The demand for food has led agriculture to become one of the largest forces behind global climate change and loss of biodiversity.  For example, we can look at lettuce which is being grown in the desert of Arizona.  This irresponsible practice needs to draw water from somewhere and will use exponentially more than if the lettuce was grown in a more appropriate climate.  The Colorado river has suffered as a result.  Being the main water source in that region, it has been drained to the point where it no longer flows into the ocean.  It is amazing to think that this agriculture has consumed an entire river for irrigation.  Another example of this on a larger scale is the Aral Sea in the former Soviet Union.  It was completely drained over a 40 year period solely to irrigate desert land in Kazakhstan to grow cotton.  As a result, 19 of the 20 unique fish species found in this sea are now extinct.  As a planet we already use almost 50% of the world’s fresh water that is sustainable, with agriculture accounting for 70% of that figure.

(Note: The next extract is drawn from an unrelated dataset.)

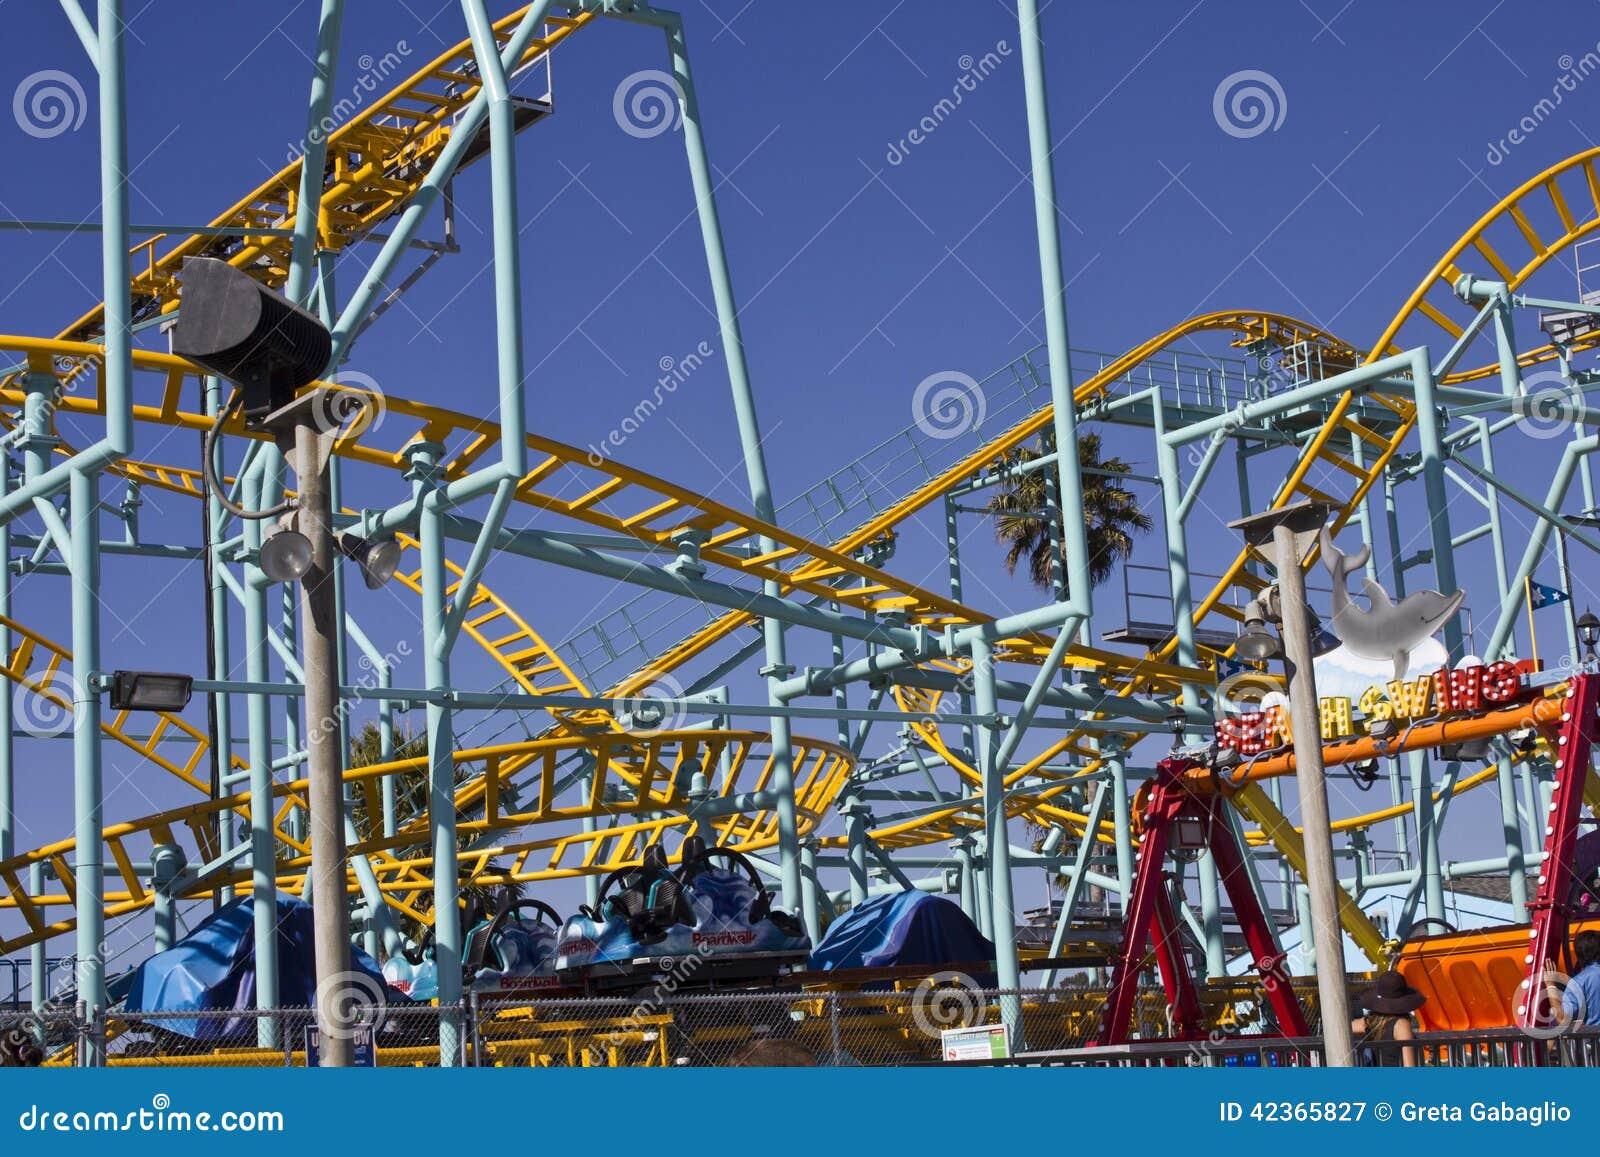 Th the largest city in california - Santa Cruz Fun Park Rollercoaster Editorial Photography

Agriculture accounts for 30% of all greenhouse gas emissions globally, which is larger than any other single contributor.  This includes energy and manufacturing. With growing pressure being put on the oil industry as a source of energy, bio fuels may become more prevalent.  As the population grows so will the food demand.  We are not going to see a decrease in the effects of agriculture on our land use or environmental impact any time soon as a result.  There are solutions to this problem, one of them being to increase the efficiency of the agricultural land already being used.  This would produce higher yields of crops, use less energy, and protect biodiversity of sensitive ecosystems.  The agriculture industry, environmental protection, and land allocation must work together to solve this problem before it is too late.